Dataset entries –
*** Begin section ***
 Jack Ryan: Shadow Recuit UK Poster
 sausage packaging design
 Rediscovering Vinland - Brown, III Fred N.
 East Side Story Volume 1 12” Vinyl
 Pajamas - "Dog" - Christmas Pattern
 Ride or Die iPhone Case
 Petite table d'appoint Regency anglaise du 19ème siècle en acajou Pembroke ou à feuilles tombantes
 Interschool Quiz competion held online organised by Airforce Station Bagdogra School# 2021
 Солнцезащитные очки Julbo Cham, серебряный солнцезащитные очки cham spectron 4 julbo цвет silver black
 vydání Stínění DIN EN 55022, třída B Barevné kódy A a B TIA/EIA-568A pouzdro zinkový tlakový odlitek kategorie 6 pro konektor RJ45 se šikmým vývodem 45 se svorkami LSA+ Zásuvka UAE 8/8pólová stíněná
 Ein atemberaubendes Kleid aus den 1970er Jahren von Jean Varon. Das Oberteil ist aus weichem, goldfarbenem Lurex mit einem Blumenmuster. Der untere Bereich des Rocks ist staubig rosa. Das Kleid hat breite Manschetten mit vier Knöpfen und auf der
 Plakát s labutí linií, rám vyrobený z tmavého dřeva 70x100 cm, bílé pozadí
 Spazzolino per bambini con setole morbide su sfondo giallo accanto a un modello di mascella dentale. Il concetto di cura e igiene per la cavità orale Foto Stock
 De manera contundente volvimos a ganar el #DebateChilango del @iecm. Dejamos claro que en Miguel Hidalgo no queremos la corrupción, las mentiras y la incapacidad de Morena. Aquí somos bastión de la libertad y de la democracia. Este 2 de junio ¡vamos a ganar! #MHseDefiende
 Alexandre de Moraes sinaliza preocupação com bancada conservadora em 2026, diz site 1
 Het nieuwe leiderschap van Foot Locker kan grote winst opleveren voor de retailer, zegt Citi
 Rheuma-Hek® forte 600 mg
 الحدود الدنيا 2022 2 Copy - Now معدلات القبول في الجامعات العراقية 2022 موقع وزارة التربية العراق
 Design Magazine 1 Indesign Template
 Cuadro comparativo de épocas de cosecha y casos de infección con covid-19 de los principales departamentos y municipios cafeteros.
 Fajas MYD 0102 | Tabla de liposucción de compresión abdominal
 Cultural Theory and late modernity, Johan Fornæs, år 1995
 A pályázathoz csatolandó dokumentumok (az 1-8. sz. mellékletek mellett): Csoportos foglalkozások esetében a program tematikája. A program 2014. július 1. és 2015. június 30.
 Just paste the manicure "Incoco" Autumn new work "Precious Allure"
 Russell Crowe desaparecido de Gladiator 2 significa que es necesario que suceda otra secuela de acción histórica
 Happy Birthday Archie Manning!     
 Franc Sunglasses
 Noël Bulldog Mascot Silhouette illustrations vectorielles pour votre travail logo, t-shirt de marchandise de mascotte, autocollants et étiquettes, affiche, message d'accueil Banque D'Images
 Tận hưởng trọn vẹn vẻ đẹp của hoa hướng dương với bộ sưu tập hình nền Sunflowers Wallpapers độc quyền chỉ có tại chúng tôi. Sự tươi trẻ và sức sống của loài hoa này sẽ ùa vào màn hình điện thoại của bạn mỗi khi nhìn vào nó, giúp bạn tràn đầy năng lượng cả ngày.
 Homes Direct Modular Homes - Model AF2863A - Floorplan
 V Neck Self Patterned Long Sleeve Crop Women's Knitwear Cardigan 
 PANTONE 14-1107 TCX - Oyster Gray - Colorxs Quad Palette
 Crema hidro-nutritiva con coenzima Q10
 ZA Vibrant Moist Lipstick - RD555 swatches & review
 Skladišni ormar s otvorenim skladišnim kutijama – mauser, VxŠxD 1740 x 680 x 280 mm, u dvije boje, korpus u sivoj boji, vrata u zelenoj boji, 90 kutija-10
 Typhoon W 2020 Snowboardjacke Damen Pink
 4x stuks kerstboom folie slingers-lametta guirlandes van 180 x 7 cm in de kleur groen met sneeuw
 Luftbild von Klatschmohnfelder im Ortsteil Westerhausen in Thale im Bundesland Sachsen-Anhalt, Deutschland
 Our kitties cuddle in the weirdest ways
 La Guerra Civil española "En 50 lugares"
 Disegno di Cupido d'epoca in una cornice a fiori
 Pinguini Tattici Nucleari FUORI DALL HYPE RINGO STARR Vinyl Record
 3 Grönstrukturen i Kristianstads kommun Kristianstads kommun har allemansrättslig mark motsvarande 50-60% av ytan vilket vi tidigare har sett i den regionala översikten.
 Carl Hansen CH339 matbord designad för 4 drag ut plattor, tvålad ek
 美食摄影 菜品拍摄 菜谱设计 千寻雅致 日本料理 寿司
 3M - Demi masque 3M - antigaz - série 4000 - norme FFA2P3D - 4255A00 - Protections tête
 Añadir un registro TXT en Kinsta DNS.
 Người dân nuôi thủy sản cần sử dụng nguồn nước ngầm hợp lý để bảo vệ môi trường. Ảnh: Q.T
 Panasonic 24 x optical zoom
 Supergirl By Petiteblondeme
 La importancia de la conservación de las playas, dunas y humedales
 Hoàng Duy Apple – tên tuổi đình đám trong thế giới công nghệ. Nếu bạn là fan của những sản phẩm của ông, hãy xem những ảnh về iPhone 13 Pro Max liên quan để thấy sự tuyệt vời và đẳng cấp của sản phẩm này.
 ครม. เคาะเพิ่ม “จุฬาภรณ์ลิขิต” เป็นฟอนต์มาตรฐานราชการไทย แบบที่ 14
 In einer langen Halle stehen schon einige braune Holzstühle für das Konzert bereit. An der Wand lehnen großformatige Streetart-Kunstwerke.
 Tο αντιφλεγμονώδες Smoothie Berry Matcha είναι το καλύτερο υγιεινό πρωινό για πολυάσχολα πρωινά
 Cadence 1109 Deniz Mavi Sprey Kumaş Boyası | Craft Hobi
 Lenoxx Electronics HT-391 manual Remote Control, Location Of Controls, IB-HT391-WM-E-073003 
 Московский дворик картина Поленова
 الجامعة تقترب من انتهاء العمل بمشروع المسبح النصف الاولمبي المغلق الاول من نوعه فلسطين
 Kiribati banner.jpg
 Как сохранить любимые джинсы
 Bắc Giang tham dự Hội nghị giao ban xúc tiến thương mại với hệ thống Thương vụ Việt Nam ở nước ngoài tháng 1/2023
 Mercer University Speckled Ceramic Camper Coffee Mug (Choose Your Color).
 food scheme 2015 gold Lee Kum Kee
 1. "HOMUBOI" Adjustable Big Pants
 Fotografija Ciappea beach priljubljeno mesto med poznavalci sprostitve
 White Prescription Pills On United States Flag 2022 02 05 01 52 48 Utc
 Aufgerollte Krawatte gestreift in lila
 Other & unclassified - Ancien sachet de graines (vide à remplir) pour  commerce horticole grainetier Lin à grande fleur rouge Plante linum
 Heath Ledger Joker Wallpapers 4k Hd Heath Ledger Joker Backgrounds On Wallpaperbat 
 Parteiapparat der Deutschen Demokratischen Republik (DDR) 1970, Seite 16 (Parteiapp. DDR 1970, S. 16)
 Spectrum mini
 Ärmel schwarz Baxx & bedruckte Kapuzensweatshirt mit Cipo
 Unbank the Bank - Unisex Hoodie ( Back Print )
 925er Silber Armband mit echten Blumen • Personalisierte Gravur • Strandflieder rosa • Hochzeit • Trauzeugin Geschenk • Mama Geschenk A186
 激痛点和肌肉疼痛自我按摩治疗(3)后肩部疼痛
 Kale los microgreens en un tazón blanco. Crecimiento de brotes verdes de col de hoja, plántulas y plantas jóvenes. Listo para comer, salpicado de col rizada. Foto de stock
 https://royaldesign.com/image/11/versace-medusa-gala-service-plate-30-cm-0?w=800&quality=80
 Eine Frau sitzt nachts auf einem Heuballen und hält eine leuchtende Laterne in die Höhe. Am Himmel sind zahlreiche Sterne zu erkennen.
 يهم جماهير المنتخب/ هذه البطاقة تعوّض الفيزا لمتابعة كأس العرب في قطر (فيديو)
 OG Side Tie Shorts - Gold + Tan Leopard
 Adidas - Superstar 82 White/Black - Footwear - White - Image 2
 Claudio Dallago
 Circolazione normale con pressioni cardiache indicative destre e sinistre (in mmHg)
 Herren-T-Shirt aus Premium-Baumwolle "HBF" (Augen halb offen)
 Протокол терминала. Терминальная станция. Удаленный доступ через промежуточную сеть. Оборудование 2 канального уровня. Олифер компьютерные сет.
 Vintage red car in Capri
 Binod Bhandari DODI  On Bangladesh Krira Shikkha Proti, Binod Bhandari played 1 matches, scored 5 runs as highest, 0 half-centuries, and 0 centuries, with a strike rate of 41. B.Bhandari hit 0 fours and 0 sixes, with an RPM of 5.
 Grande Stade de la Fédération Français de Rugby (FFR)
*** End section ***
Directions – Count the lines of the entries above that contain the word "White" and give only the number.

Exercise result – 2